-- WHAT YOU NEED TO DO --
This calls for a word-for-word copy of all the data, with each picture removed.

-- DATA EXTRACT --

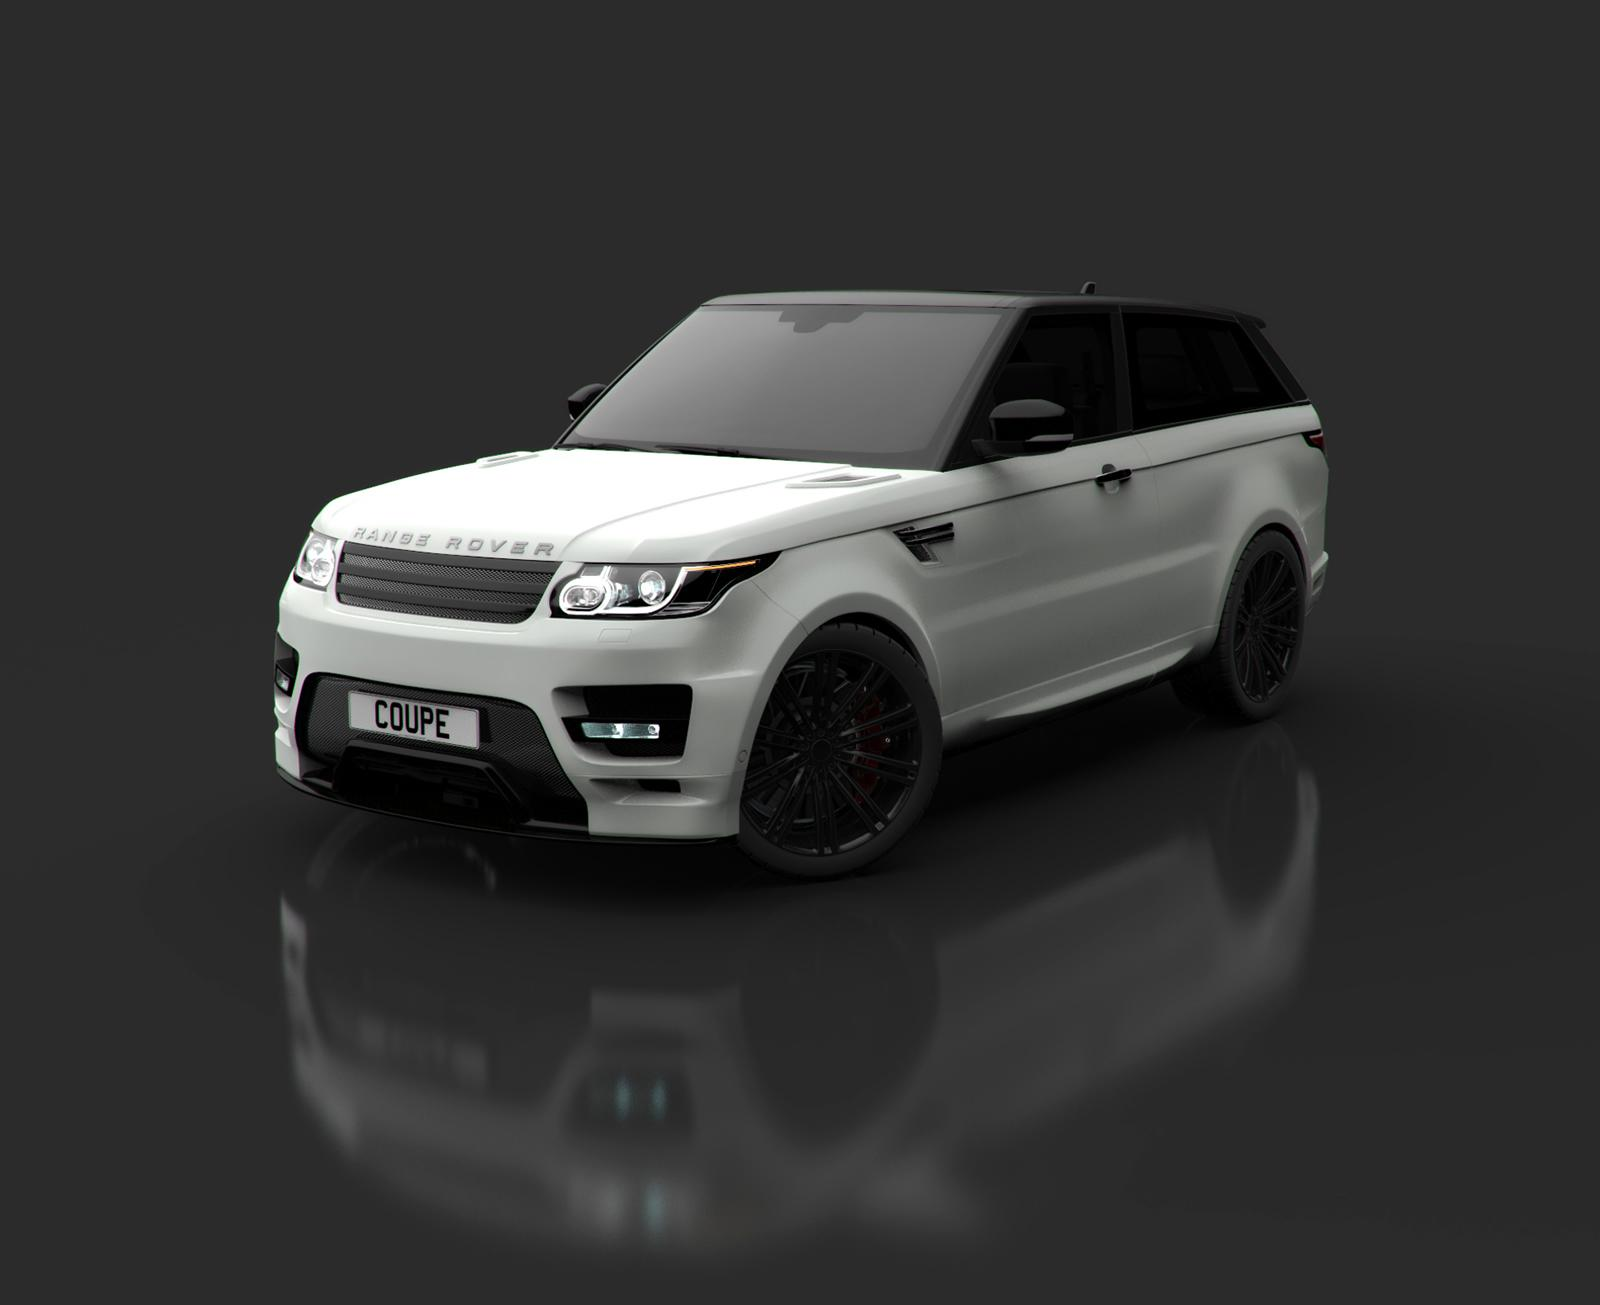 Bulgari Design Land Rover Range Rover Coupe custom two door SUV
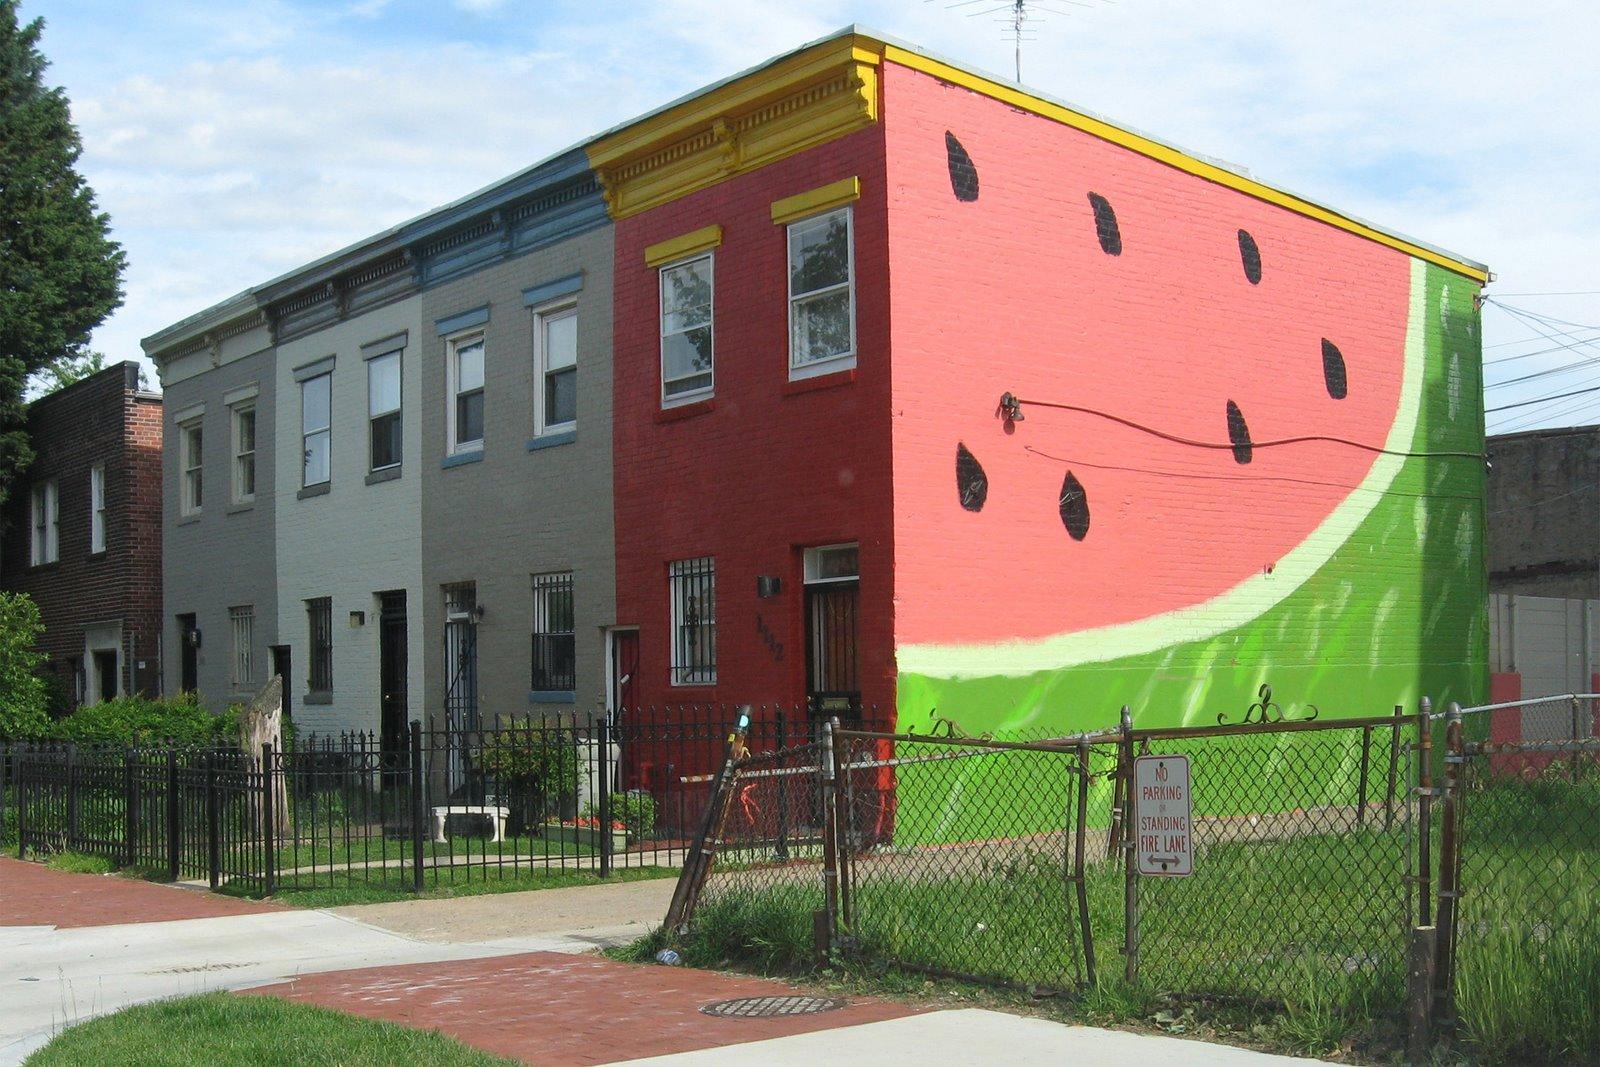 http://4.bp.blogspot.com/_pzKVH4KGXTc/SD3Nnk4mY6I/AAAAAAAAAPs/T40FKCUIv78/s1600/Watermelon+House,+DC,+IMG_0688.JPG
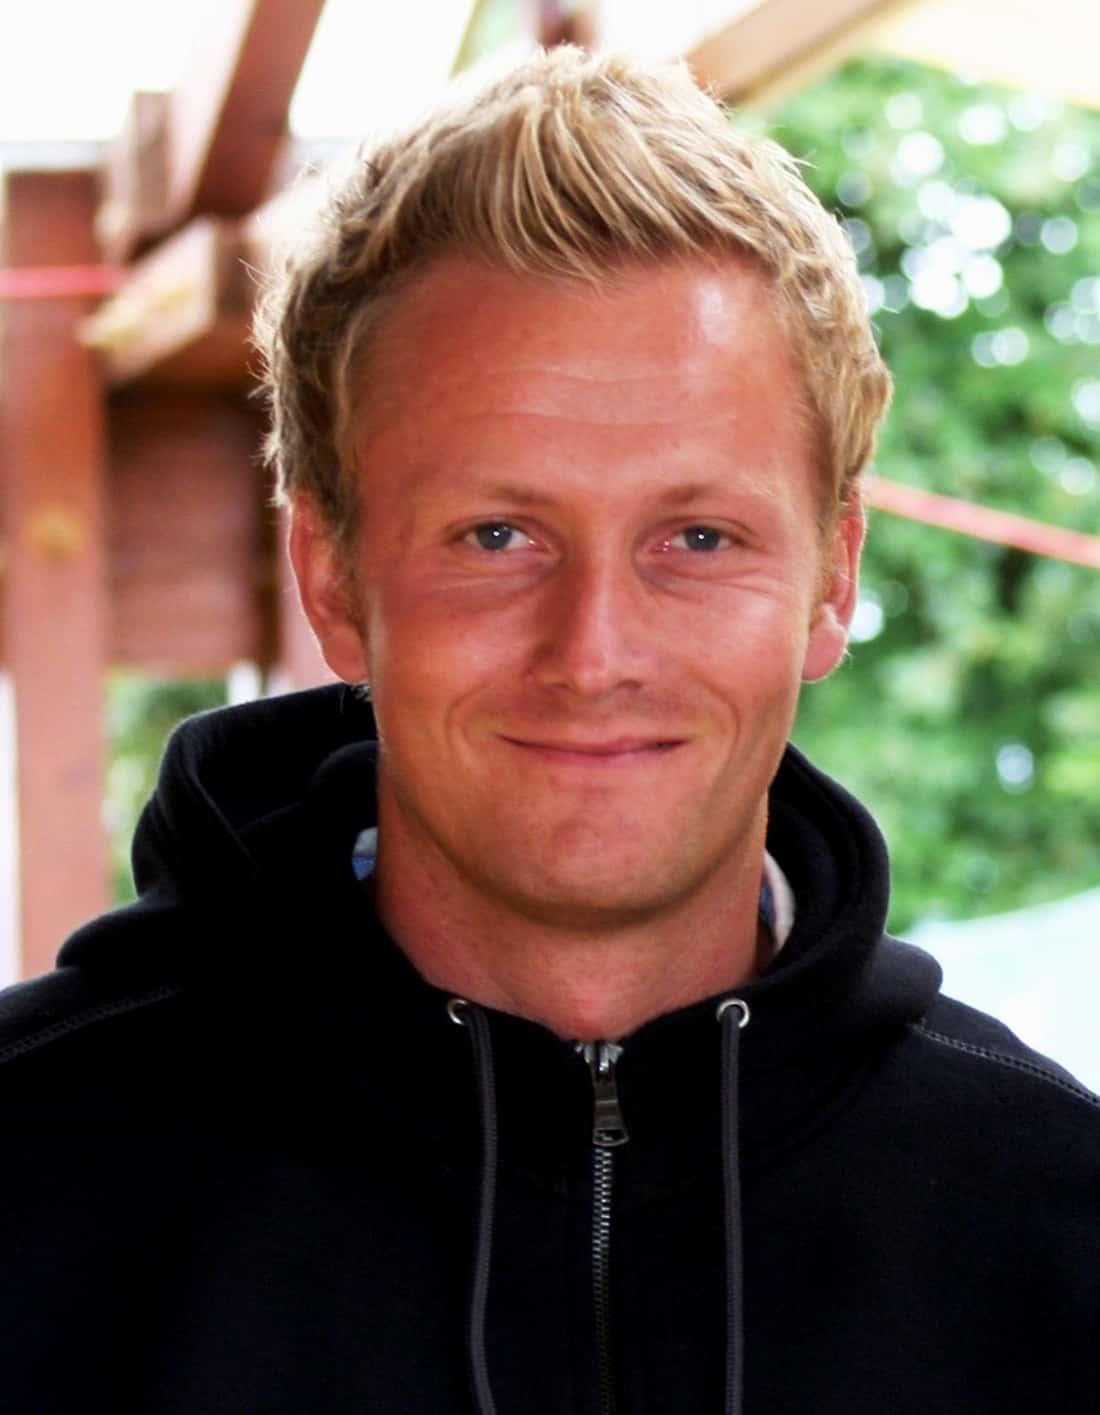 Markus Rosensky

-- RESULT OF THIS EXERCISE --
 Bulgari Design Land Rover Range Rover Coupe custom two door SUV
 http://4.bp.blogspot.com/_pzKVH4KGXTc/SD3Nnk4mY6I/AAAAAAAAAPs/T40FKCUIv78/s1600/Watermelon+House,+DC,+IMG_0688.JPG
 Markus Rosensky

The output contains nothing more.